Найти в Дзене
Недѣтский RUсский

Язык как ДНК: где родня, а где нет?

Оглавление

Возникали ли у вас когда-нибудь сомнения в родстве русского языка и украинского? А русского и белорусского? Вряд ли. Мы соседи, живём плечом к плечу больше тысячи лет. Тесно контактируем, и бывает иногда чрезвычайно трудно отличить по говору, кто перед тобой, выходец из Донецка, Ростова-на-Дону, Витебска или далёкой деревушки под Смоленском.

Украинский и польский, болгарский и сербский, словацкий и чешский, белорусский и хорватский — все мы одна большая, близкородственная семья.

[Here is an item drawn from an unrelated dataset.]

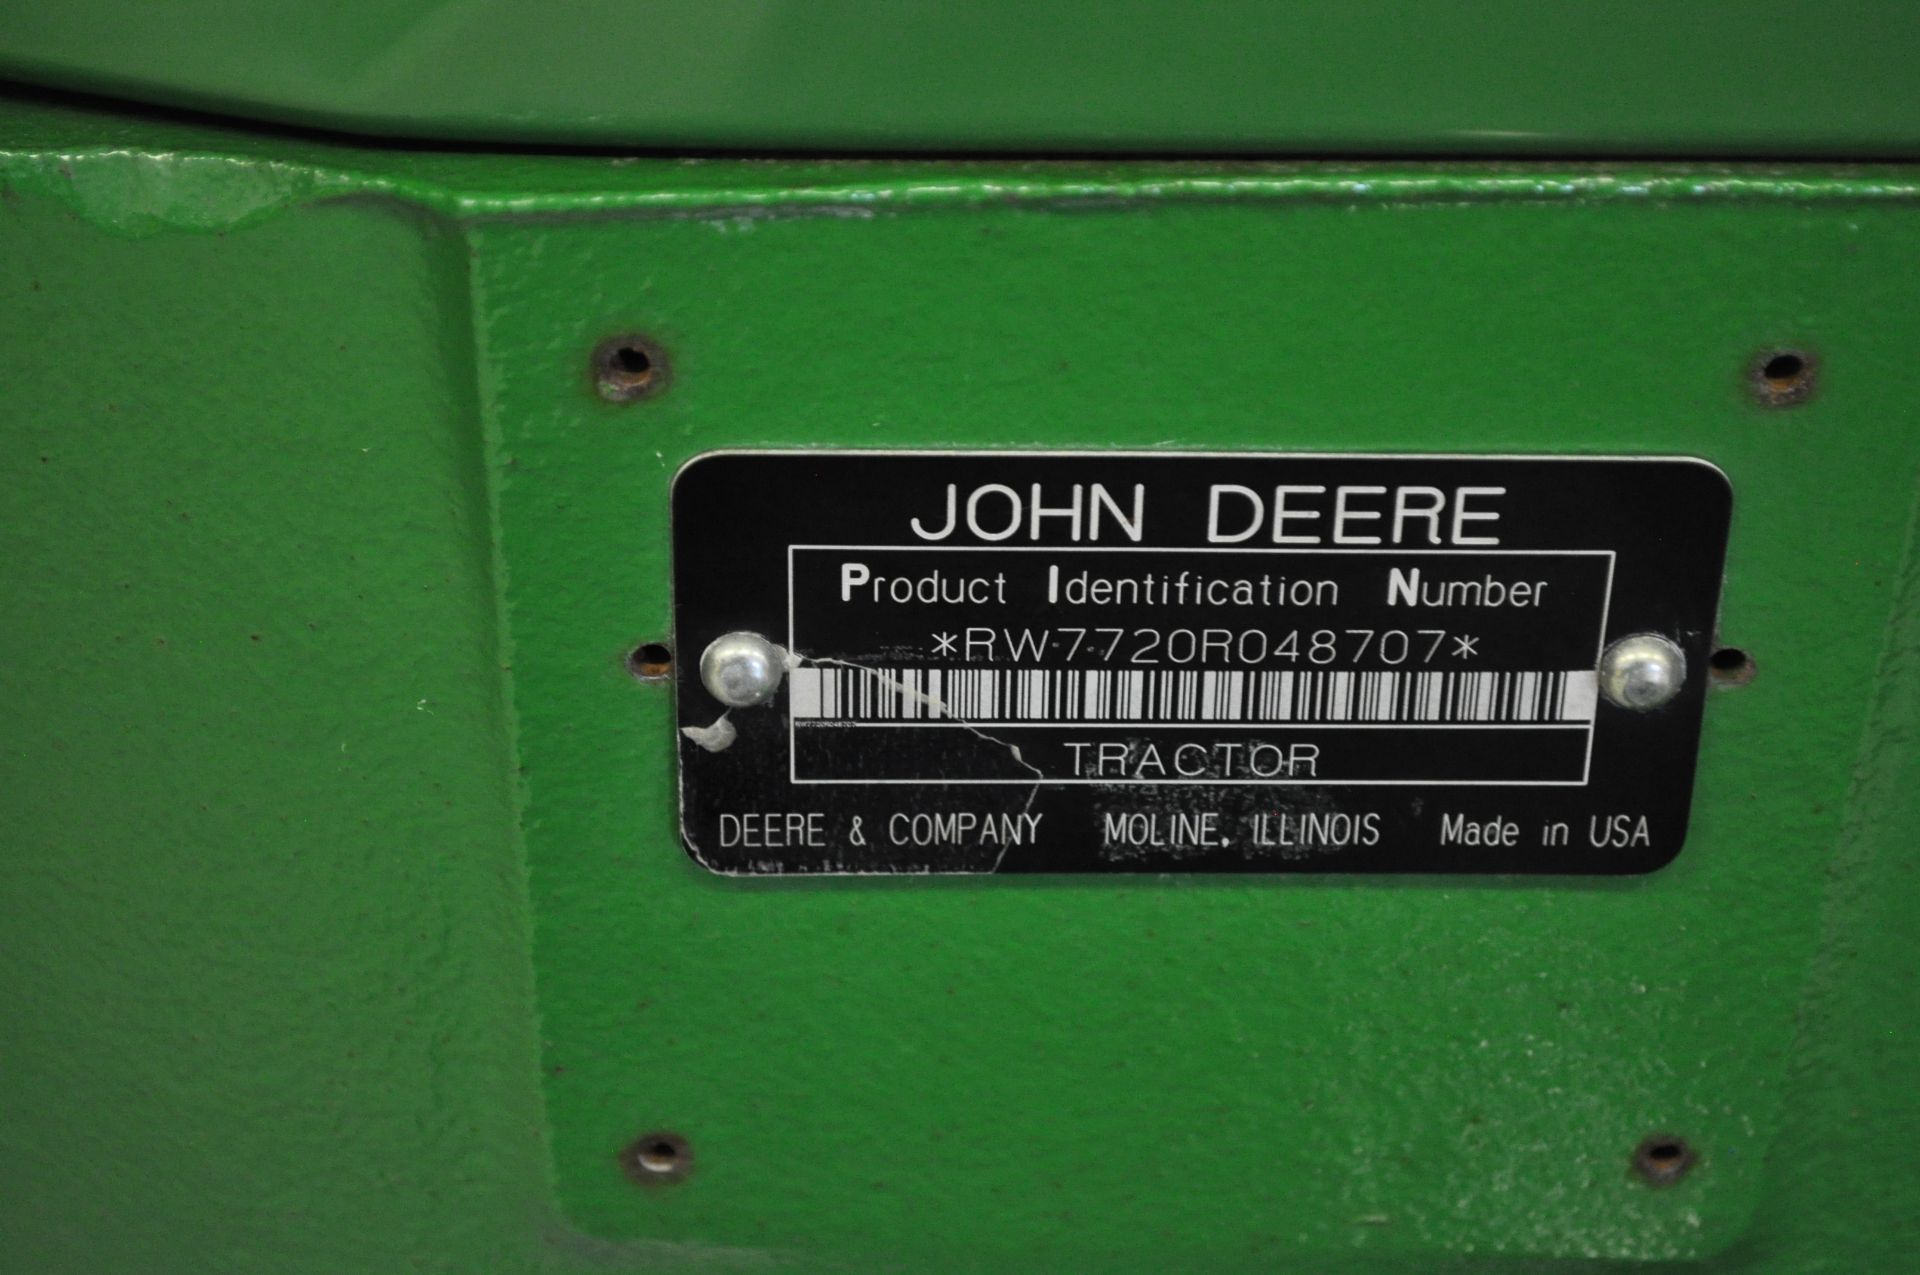 John Deere 7720 tractor, 480 / 80 R 42 rear, 14 L-16.1 tires, 3 hyd remotes, 3 pt - Image 6 of 14

Как лингвистически, так и этнически (жаль, конечно, что не всегда политически...) Но что если я поставлю в такую же пару, скажем, русский и литовский? А русский и греческий? А русский и хинди? Последнее так вообще на грани абсурда!

Мысленно вижу, как уверенность в ваших глазах медленно угасает. А ведь зря, ой как зря! И этот пост я посвящу тому, чтобы вас в этом убедить. Как я буду это делать? Сейчас увидите. Тот, кто меня не любит — вы просто мне завидуете! Простите, не удержался :) Давайте к делу.

Geek-минутка

Прежде всего совсем чуть-чуть теории — чтобы всё последующее не казалось вам совсем уж чернокнижием.

Языковое родство изучает специальная наука — сравнительно-историческая лингвистика, или компаративистика. Науке этой около пяти сотен лет. Первые труды, посвящённые поиску языков-родственников, появились еще в середине 16 века, а настоящий расцвет компаративистики наступил в эпоху романтизма — в конце 18 — начале 19 века. Тут-то и возникли имена Франца Боппа, Вильгельма фон Гумбольдта, Расмуса Раска и других мыслителей, одержимых идеей существования в далёком-далёком прошлом языка-прародителя современных им европейских языков, а также мёртвых латыни, древнегерманского, древнегреческого и санскрита (древнеиндийского).

Среди них были и сказочники Вильгельм и Якоб Гриммы. В России же одним из первопроходцев сравнительной лингвистики стал Александр Христофорович Востоков. Вот в чём была их позиция.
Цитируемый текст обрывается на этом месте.